Ambiente in Calabria, Greco: «C’è un’assenza di strategia lungimirante»

L’ex assessore regionale parla di depurazione, ciclo di rifiuti e tutela del territorio: «Non c’è un problema di risorse, ma di capacità gestionale»

Pubblicato il: 14/08/2021 – 7:10
di Roberto De Santo
Ambiente in Calabria, Greco: «C’è un’assenza di strategia lungimirante»

CATANZARO Assenza di strategia lungimirante, incapacità di gestire correttamente le risorse e “miopia” politica. Sono questi i mali che non hanno permesso alla Calabria di fare quel salto di qualità nella tutela dell’ambiente e nel corretto funzionamento del sistema della depurazione delle acque reflue così come di quello del ciclo dei rifiuti. Lacune che hanno lasciato inerme il territorio davanti alle devastazioni inflitte dai roghi e dalle esondazioni. Oltre all’inquinamento marino. Mette in fila questi limiti Silvio Greco, biologo marino, direttore della sede calabrese e romana della Stazione Zoologica Anton Dohrn e direttore del laboratorio di sostenibilità ambientale e economia circolare dell’Università di Scienze Gastronomiche di Pollenzo, in provincia di Cuneo, ed ex assessore regionale all’Ambiente della Calabria. E sulle somme in arrivo dal Piano nazionale di ripresa e resilienza (Pnrr) per la regione anche per la depurazione sottolinea: «In Calabria non c’è mai stato un problema di mancanza di fondi». Secondo Greco «occorre gestire bene e in trasparenza quelle risorse».

Silvio Greco, biologo marino, direttore della sede calabrese e romana della Stazione Zoologica Anton Dohrn e direttore del laboratorio di sostenibilità ambientale e economia circolare dell’Università di Scienze Gastronomiche di Pollenzo
Silvio Greco, biologo marino, direttore della sede calabrese e romana della Stazione Zoologica Anton Dohrn e direttore del laboratorio di sostenibilità ambientale e economia circolare dell’Università di Scienze Gastronomiche di Pollenzo

Passano gli anni ma la situazione della depurazione calabrese, nonostante le risorse spese, non sembra essere migliorata. Cosa non ha funzionato?
«Guardi ci sono due aspetti principali che non hanno permesso il corretto utilizzo della massa di risorse seppure cospicue destinate al sistema della depurazione calabrese. Innanzitutto non ha funzionato la programmazione regionale di quelle somme e, poi, non è stato affrontato il tema che ritengo fondamentale, di sviluppare un sistema di depurazione consortile. Un meccanismo che avrebbe coinvolto anche a livello gestionale più comuni».

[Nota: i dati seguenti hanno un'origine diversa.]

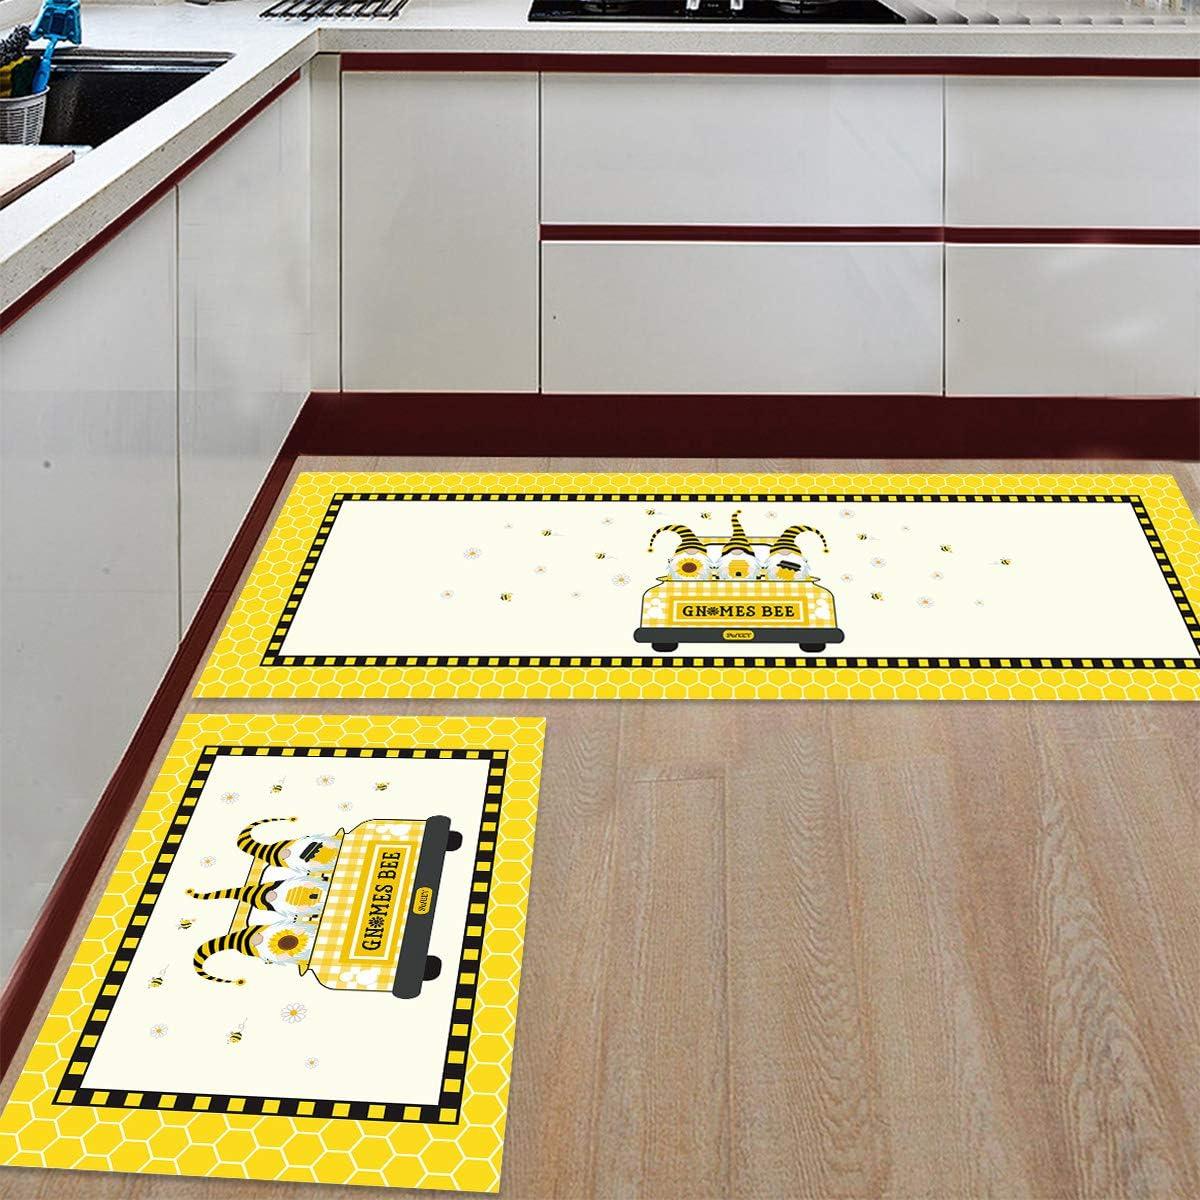 Kitchen Mat Set Anti-WearNon-Slip specialty shop Floor Rug Ranking TOP5 Microf Pieces 2
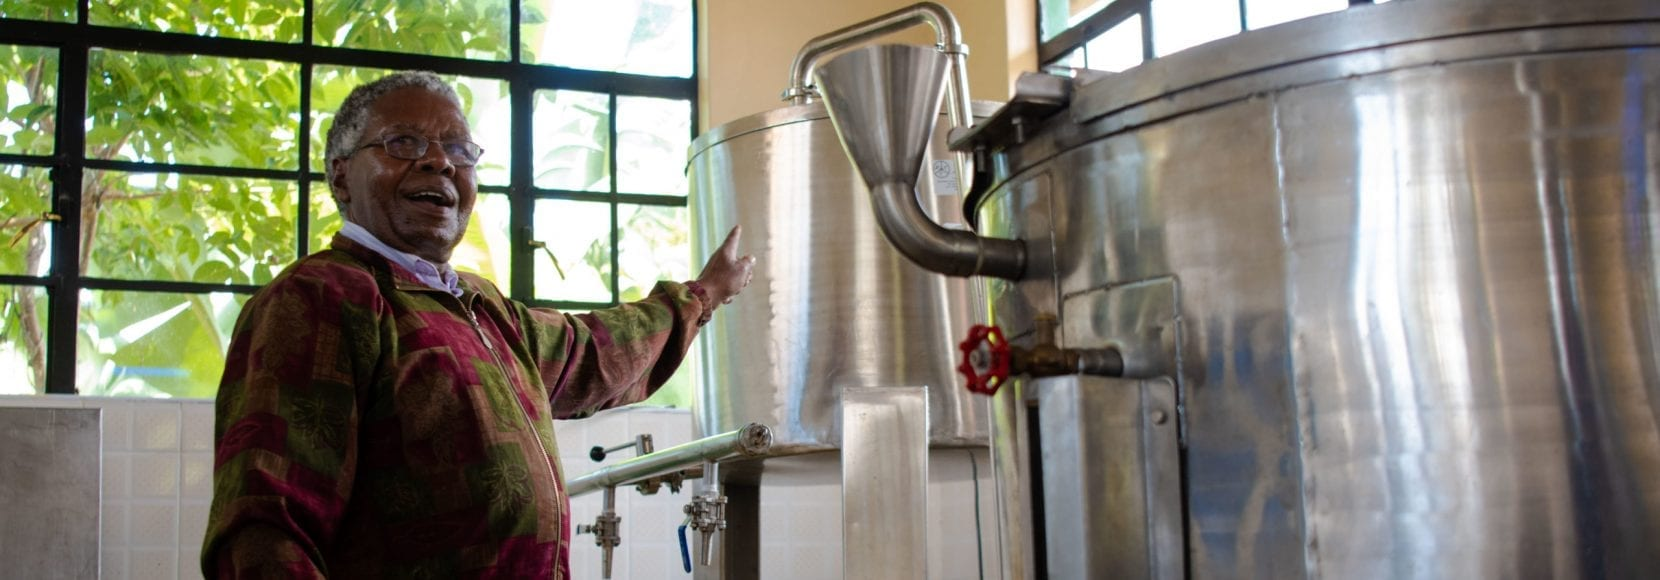 Man processing drinks

Il cattivo funzionamento dei depuratori compromette la qualità del mare calabrese
Il cattivo funzionamento dei depuratori compromette la qualità del mare calabrese

Secondo lei è più un problema di infrastrutturazione del sistema di depurazione oppure è una questione di gestione dell’impiantistica?
«Sono entrambi elementi critici per il meccanismo di depurazione dei reflui in Calabria. Infatti da una parte abbiamo impianti obsoleti che necessitano di un serio revamping ma al contempo vi è un problema di gestione che, soprattutto per quanto attiene la riqualificazione impiantistica, non può essere affrontato esclusivamente dai sindaci. Ovviamente un discorso a parte sono gli impianti gestiti da privati, dove la Regione in caso di inadempienze (ammodernamenti e altro) dovrebbe intervenire, commissariando la gestione e allontanando il privato che si è dimostrato incapace di manutenere il depuratore».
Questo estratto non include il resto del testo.